In inglese il termine equivalente è hoax, da non confondere con oaks (quercie);sembra che hoax venga da hocus, a sua volta abbreviazione di hocus pocus, incantesimo in latino maccheronico usato da maghi e illusionisti che cercavano di trarre in inganno gli spettatori.

Oggi la bufala è resa ancor più potente da Internet; e sulle bufale, da entrambi i lati della cosa, crearle e sbufalarle si esercita la fantasia e la capacità, educativa o diseducativa, di molti.

I comuni oggetti da bufala sono le cose che ci danno preoccupazione, l’ambiente o l’energia per esempio.

Le famose “scie-chimiche” sono di fatto una gigantesca bufala ma creduta vera da milioni di persone, ne abbiamo parlato più volte. (https://ilblogdellasci.wordpress.com/2014/06/06/sciecomiche-e-scietragiche-scienza-e-credulita-popolare/).

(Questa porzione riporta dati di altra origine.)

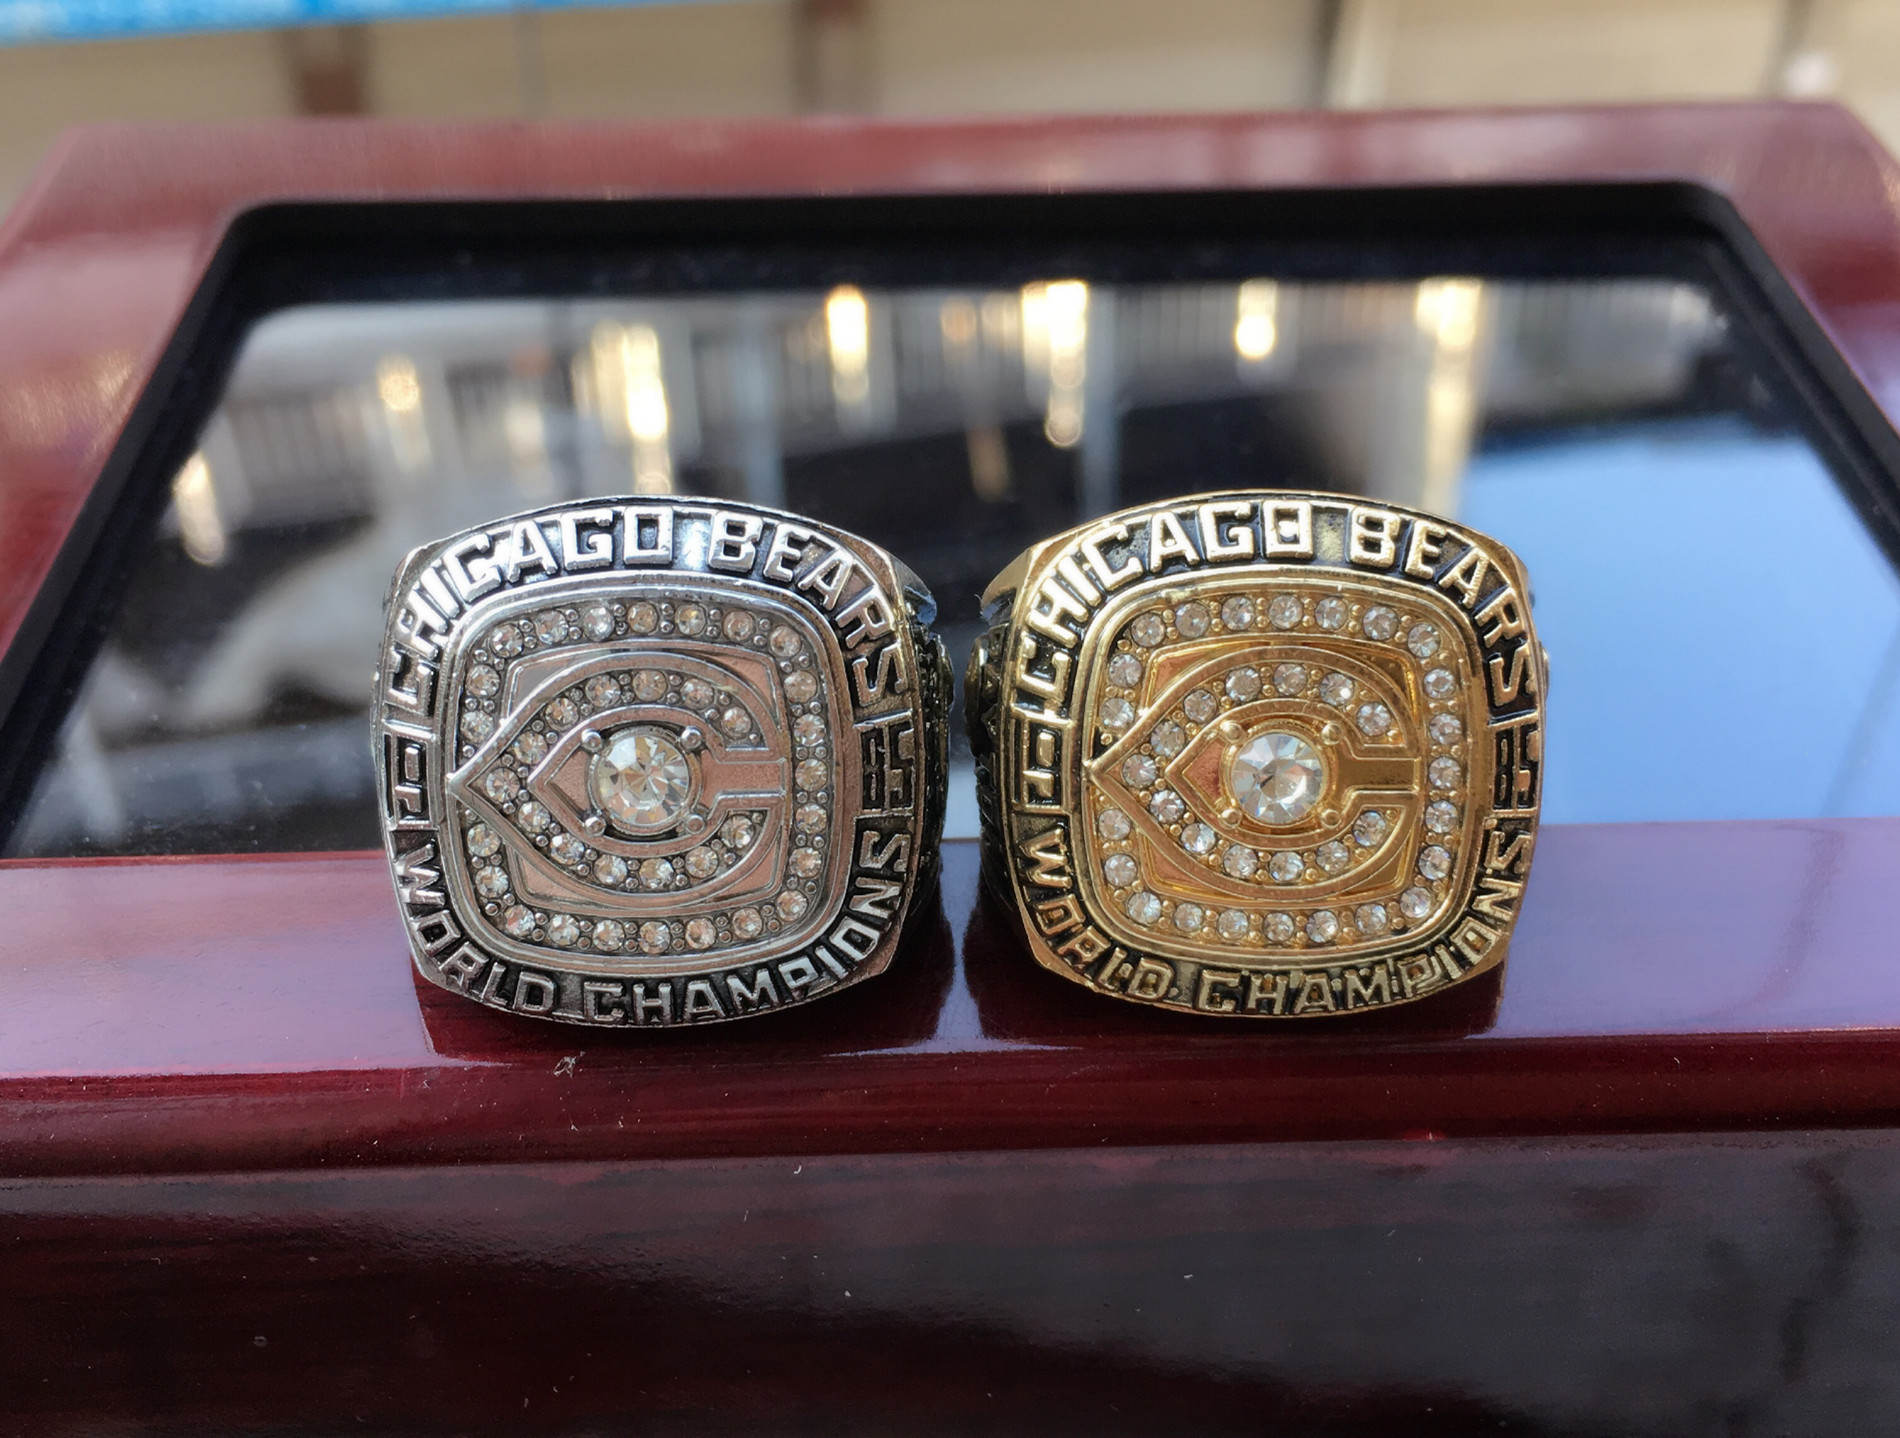 CHICAGO (2pcs) 1985 1985 BEARS Championship Ring g Set Men Fan Souvenir Gift Wholesale 2019 Drop Shipping

Anche l’energia è oggetto di ripetute bufale, ma qui si sconfina addirittura nella truffa; abbiamo di recente accennato al tubo Tucker e ai risparmiatori intelligenti (https://ilblogdellasci.wordpress.com/2015/05/18/bufale-energetiche-truffe-italiche-e-fregature-cosmiche/).

Ma non finisce qui, ce ne sono molte altre; e oggi vi vorrei accennare al gas di Brown o gas di Klein o HHO, sul quale perfino Nature ha avuto tempo, in passato di indignarsi (http://www.nature.com/news/2007/070914/full/news070910-13.html), ma che straborda dalla rete e da Youtube e mi risulta faccia anche vittime illustri, aziende serie che credono alla bufala e ci investono.

Su wikipedia c’è una pagina dedicata al tema: http://it.wikipedia.org/wiki/Ossidrogeno#cite_note-US_patent_4014777-4.

Dunque la ricetta è la seguente: prendete dell’acqua, fatene l’elettrolisi, mescolate i prodotti (idrogeno ed ossigeno) e poi sottoponeteli ad alcune procedure (arco elettrico per esempio) o non sottoponeteli a niente e mescolateli con un normale combustibile; ne avrete un effetto miracoloso su qualche aspetto: riduzione dei consumi, riduzione dell’inquinamento. Ora come si possa ottenere più energia dividendo e ricostituendo la molecola di acqua (cioè tornando al punto di partenza) non è dato sapere; certo non si potrebbero escludere effetti catalitici, ma non ne sono stati trovati di significativi a parte qualcosa che documento dopo.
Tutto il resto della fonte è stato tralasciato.